Ali Soufan has shown that intelligent and careful interrogation can achieve real results. And it helps immensely, obviously, to have the language and cultural skills that he does. There are very few people in the American intelligence community that have his set of talents. The U.S. is known to have used these sorts of tactics you mention. The C.I.A.’s impulse has been to deliver Al Qaeda suspects to foreign intelligence agencies that could torture them and extract information the C.I.A. thought it couldn’t otherwise obtain. However, what this abuse has yielded from the top Al Qaeda lieutenants is questionable. And I think that’s because it’s untrustworthy information obtained under torture.

So the problem with torture isn’t just that it’s torture— that it compromises America ethically, morally—but that torture doesn’t always work.

It doesn’t work. It often is misleading, as in the case of Ibn al-Sheikh al-Libi, an Al Qaeda lieutenant who was tortured into saying that Saddam Hussein worked with Al Qaeda and had weapons of mass destruction. That was the information that the U.S. was trying to get out of him, and he gave it to the interrogators under torture, and that became part of the rationale for the U.S. going to war with Iraq—a disastrous consequence of choosing an unethical approach to gaining information.

You mentioned that Soufan was the only Arabic-speaking F.B.I. agent in New York, and one of only eight in the country. Why was that? This is a country of immigrants—there must be a large pool of native speakers to draw on.

There is a large pool, but, unfortunately, the F.B.I. and the C.I.A. are very narrow cultures. The F.B.I., especially in the hierarchy, is made up largely of Irish and Italian men. You go to the seventh floor of the F.B.I. and you feel like you’ve walked back in time. It’s like being in a Cagney movie. And it was a real failure on their part not to have expanded to incorporate more American faces.

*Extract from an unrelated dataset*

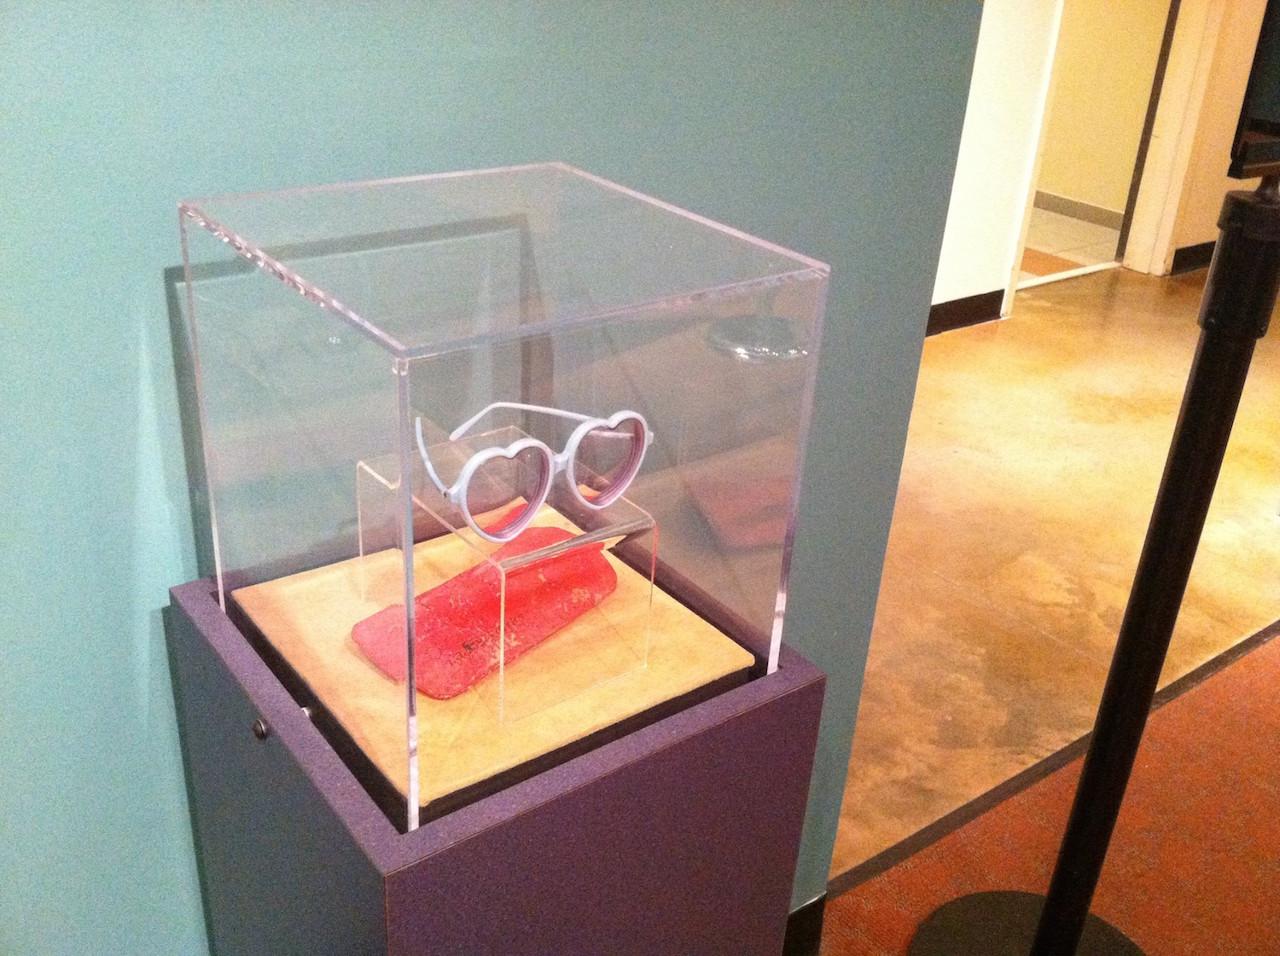 Elton John's glasses in their display case at the Rock 'n' Soul Museum (photo via Facebook)

Soufan was spotted by a legendary F.B.I. official named John O’Neill, as you’ve mentioned. You wrote about O’Neill for The New Yorker in 2002. Who was he and how does he fit into this story?

John O’Neill was the head of the counterterrorism center in the New York office of the F.B.I. It became the nexus of America’s efforts to counter Al Qaeda. O’Neill was one of the first in the bureau to recognize the danger that Al Qaeda posed. And, through the force of his amazing personality, he made New York the center of America’s efforts to stop bin Laden. Early on, he recognized the talent that Ali Soufan brought to the table, and he drafted him to the I-49 squad in New York, which was devoted largely to stopping Al Qaeda. Under O’Neill, the New York squad was able to obtain the information that led to several successful terrorism convictions.

But, on 9/11, John O’Neill was no longer with the F.B.I.

In the summer of 2001, there was a damaging leak in the New York Times that exposed the fact that John O’Neill had taken classified information out of the bureau to an F.B.I. pre-retirement conference in Florida. His briefcase was stolen. It was discovered within hours and the information had not been touched, but because of this revelation he decided to retire. And he took a job as the head of security at the World Trade Center. He died on 9/11.

This week’s story is taken from your forthcoming book, “The Looming Tower.” There’s a lot in your book, of course, that’s not in your article.

That’s true. This is just a portion of a vast saga, beginning in 1948, with the arrival of Sayyid Qutb in America, and ending shortly after 9/11. It’s a story of the terrorists and the counter-terrorists, of two cultures in collision. It’s told equally from each side. Much of it has to do with the rise of radical Islam and our failed efforts to counter it. It’s told through the lives of four individuals: Osama bin Laden; Ayman al-Zawahiri, his deputy; Prince Turki al-Faisal, the former head of Saudi intelligence; and John O’Neill.